■ What you will do
Leave every image out, and print the remaining lines below exactly.

■ Supplied material
-- Opening Marker --

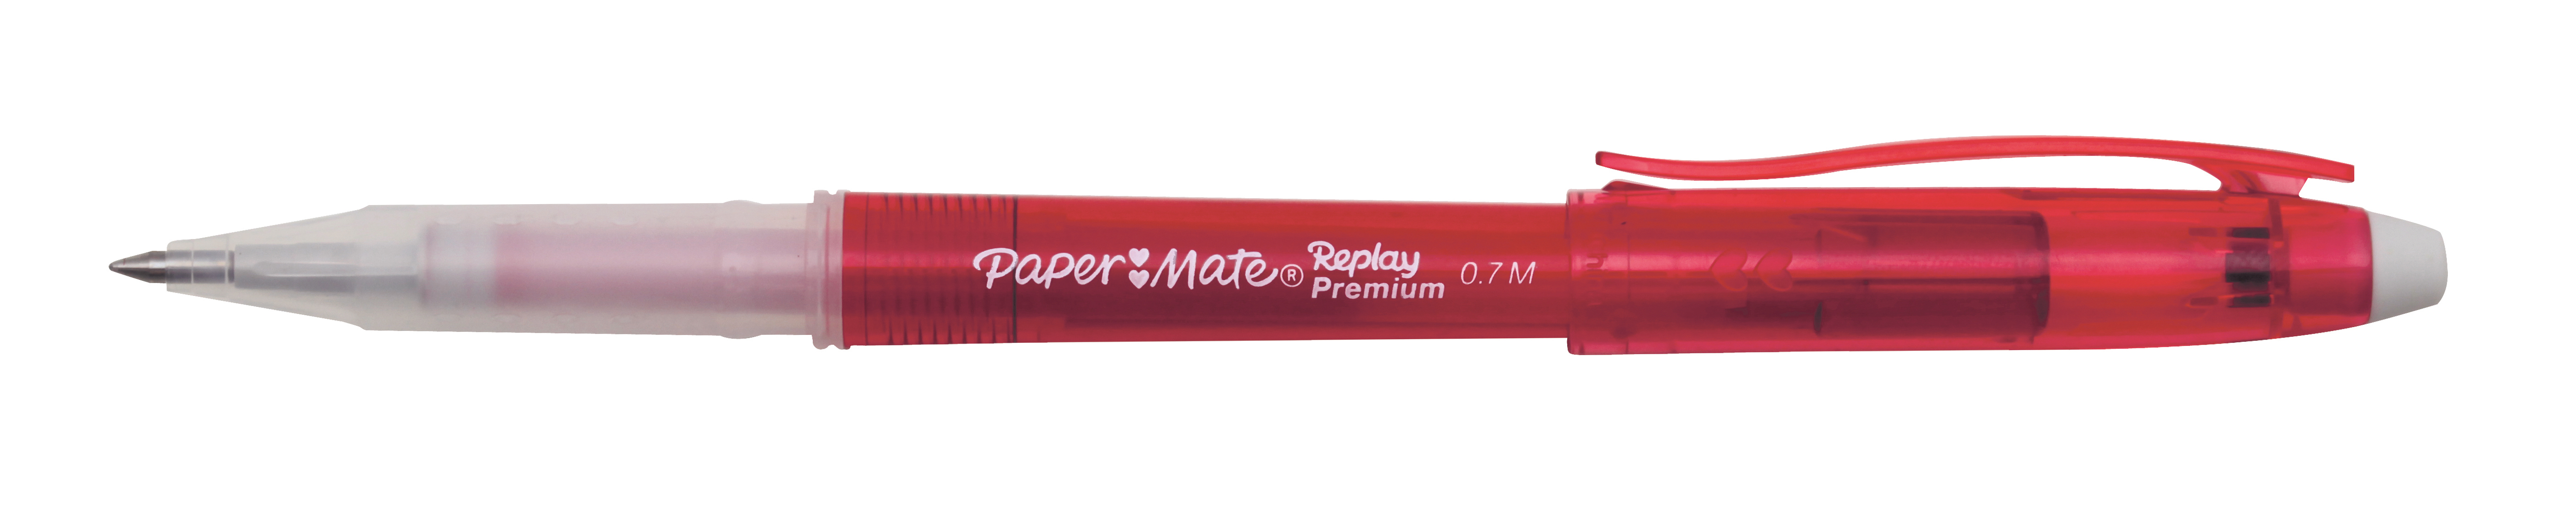 PAPERMATE Replay Premium M 1901324 rouge
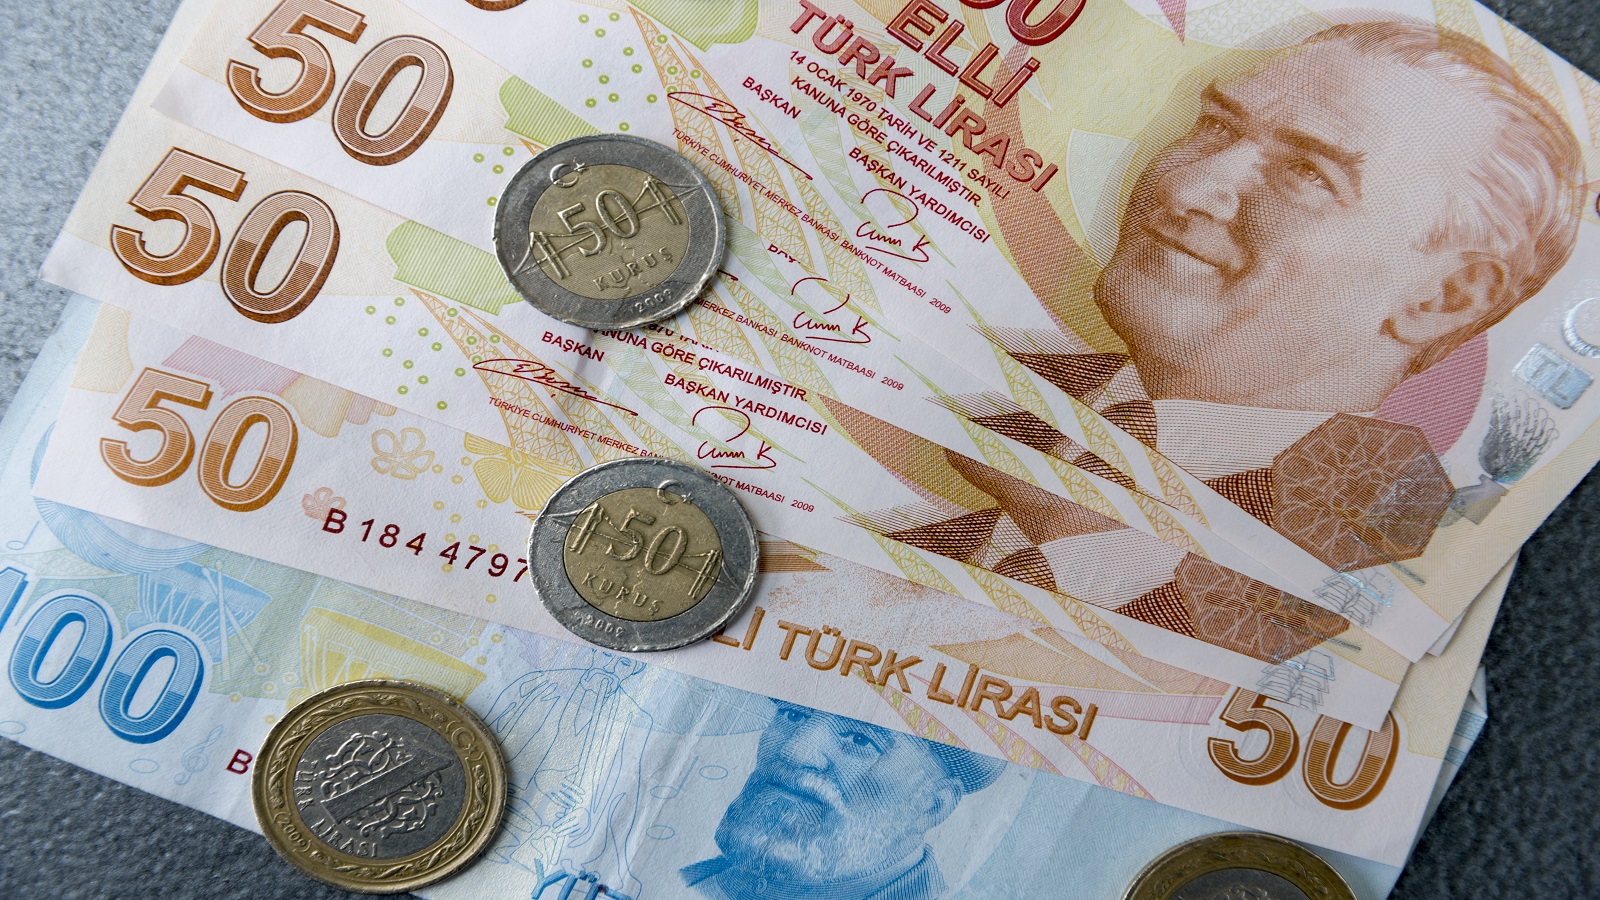 شمال سوريا:حكومة الانقاذ تعتمد الدولار بدل العملة التركية..جزئياً
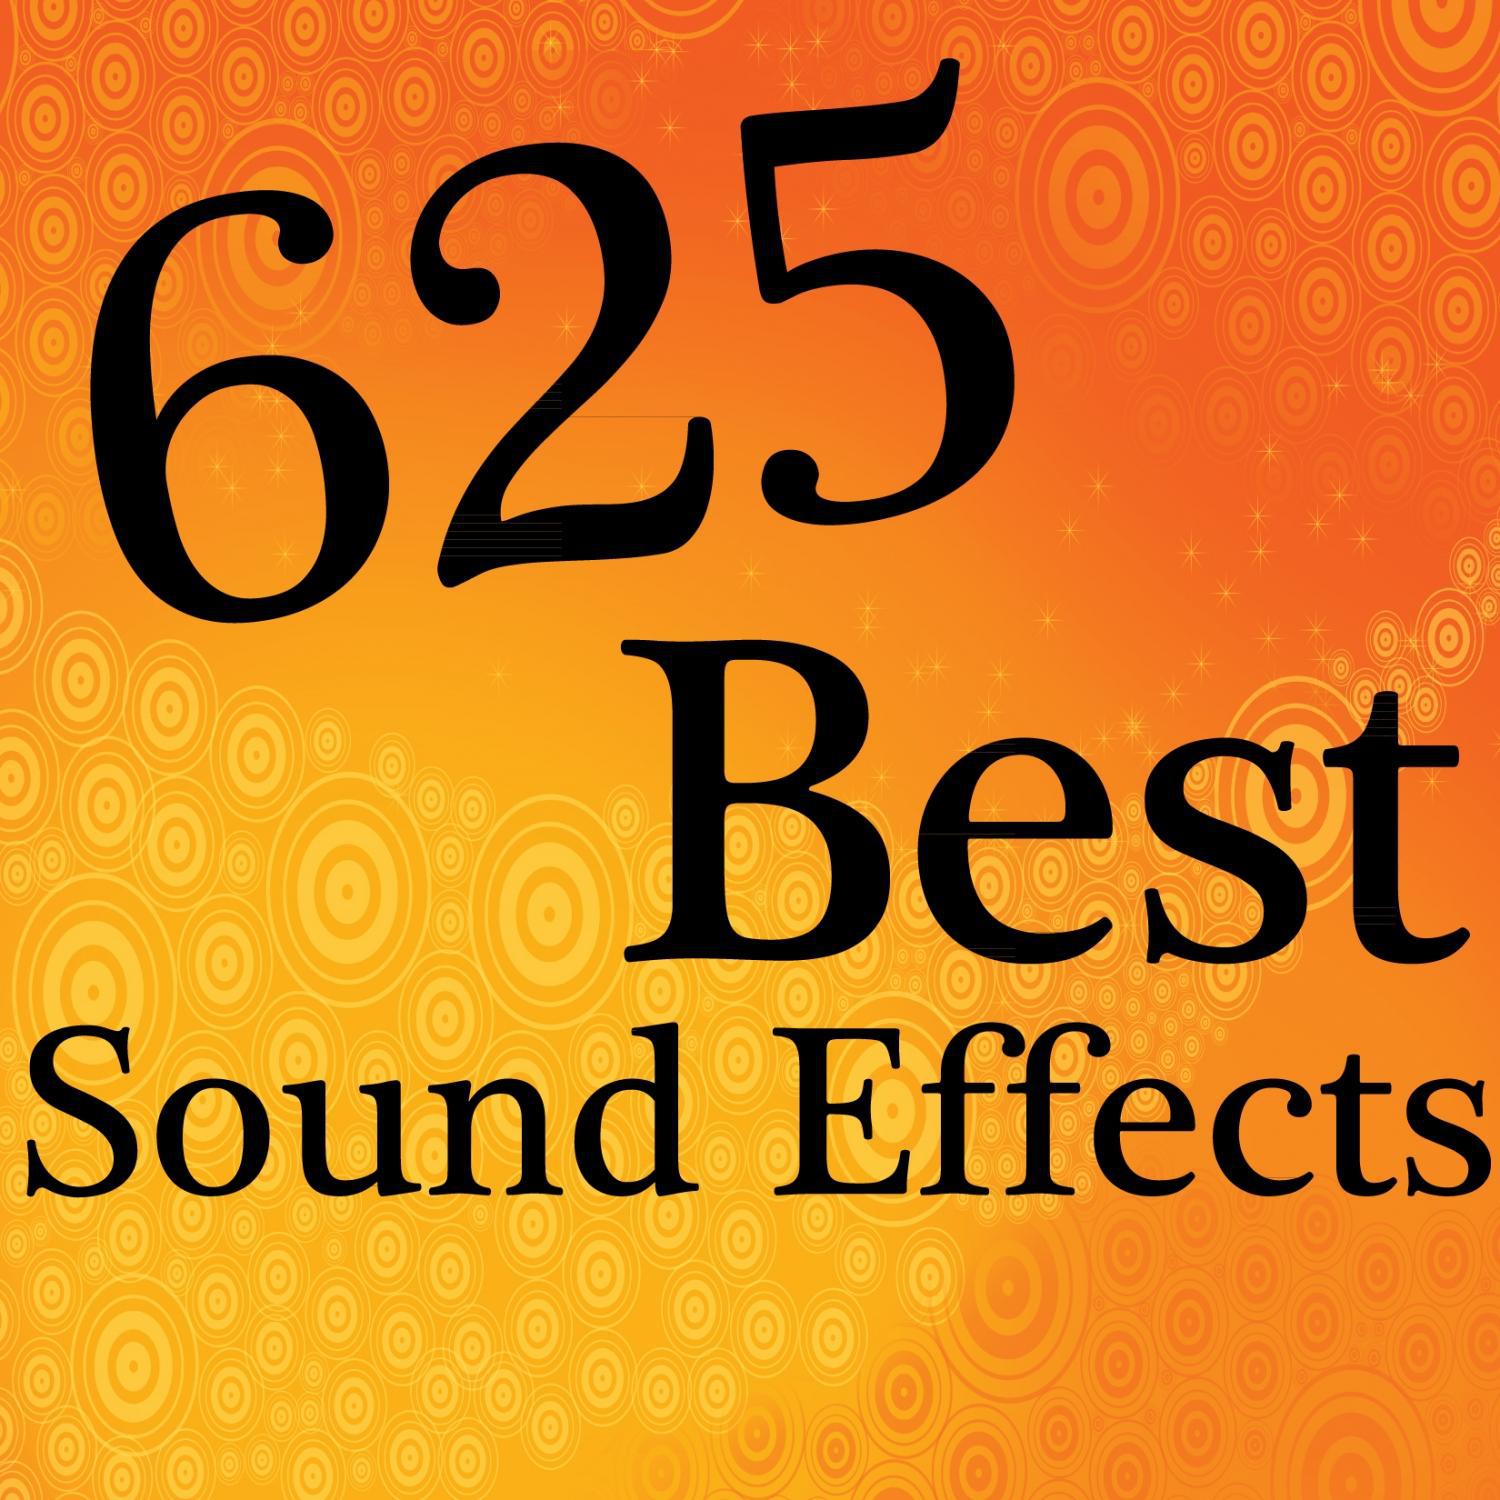 625 Best Sound Effects
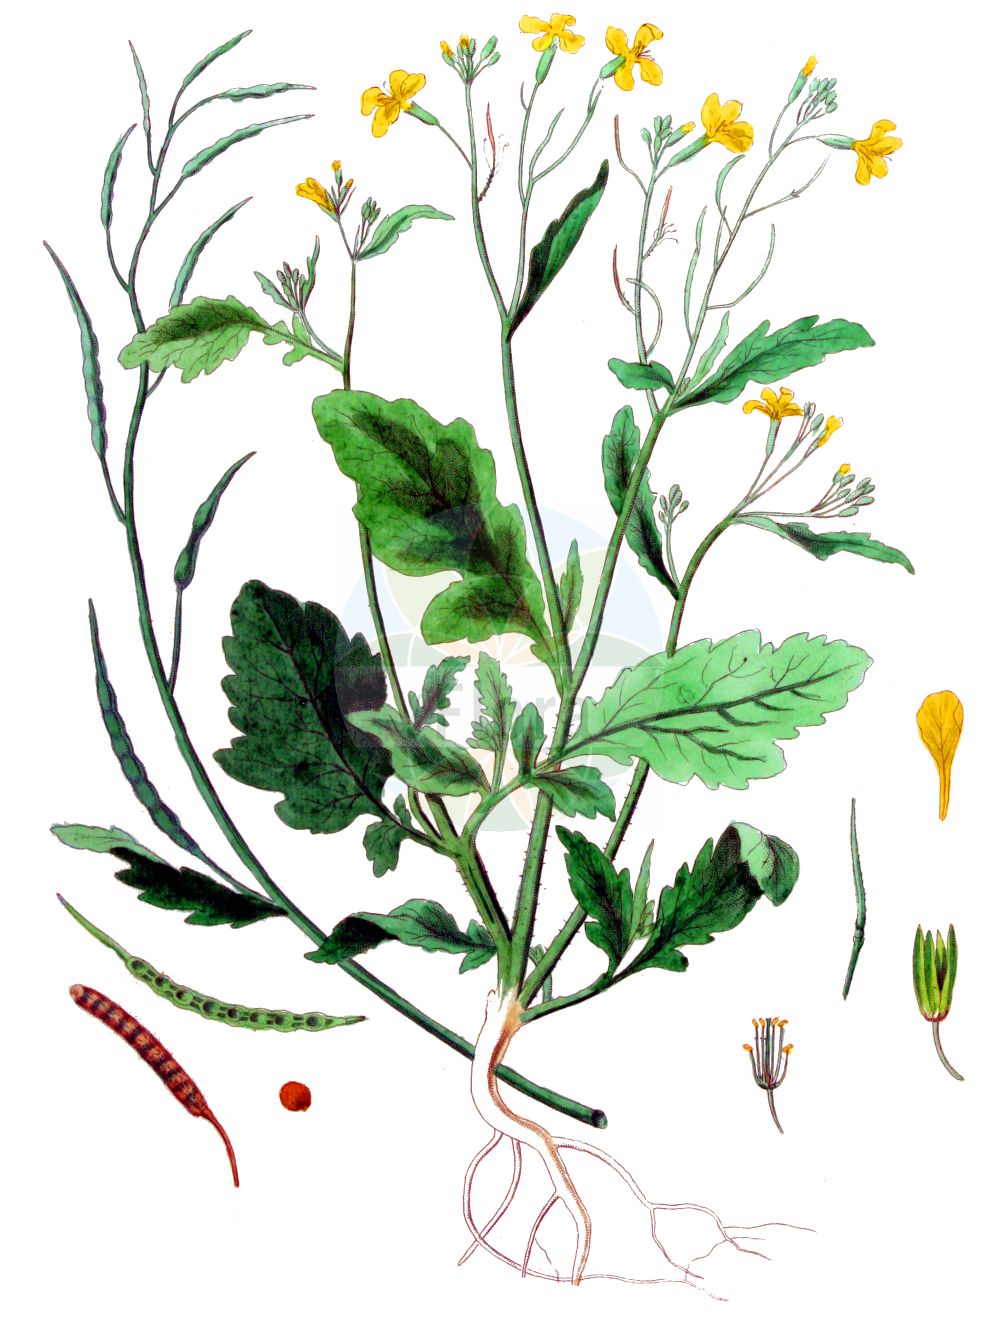 Historische Abbildung von Raphanus raphanistrum (Acker-Rettich - Jointed Charlock). Das Bild zeigt Blatt, Bluete, Frucht und Same. ---- Historical Drawing of Raphanus raphanistrum (Acker-Rettich - Jointed Charlock). The image is showing leaf, flower, fruit and seed.(Raphanus raphanistrum,Acker-Rettich,Jointed Charlock,Raphanistrum arvense,Raphanus raphanistrum,Raphanus sylvestris,Acker-Rettich,Hederich,Jointed Charlock,Runch,Wild Radish,Raphanus,Hederich,Radish,Brassicaceae,Kreuzblütler,Cabbage family,Blatt,Bluete,Frucht,Same,leaf,flower,fruit,seed,Kops (1800-1934))

-- Closing Marker --

■ Answer section
 PAPERMATE Replay Premium M 1901324 rouge
 شمال سوريا:حكومة الانقاذ تعتمد الدولار بدل العملة التركية..جزئياً
 625 Best Sound Effects
 Historische Abbildung von Raphanus raphanistrum (Acker-Rettich - Jointed Charlock). Das Bild zeigt Blatt, Bluete, Frucht und Same. ---- Historical Drawing of Raphanus raphanistrum (Acker-Rettich - Jointed Charlock). The image is showing leaf, flower, fruit and seed.(Raphanus raphanistrum,Acker-Rettich,Jointed Charlock,Raphanistrum arvense,Raphanus raphanistrum,Raphanus sylvestris,Acker-Rettich,Hederich,Jointed Charlock,Runch,Wild Radish,Raphanus,Hederich,Radish,Brassicaceae,Kreuzblütler,Cabbage family,Blatt,Bluete,Frucht,Same,leaf,flower,fruit,seed,Kops (1800-1934))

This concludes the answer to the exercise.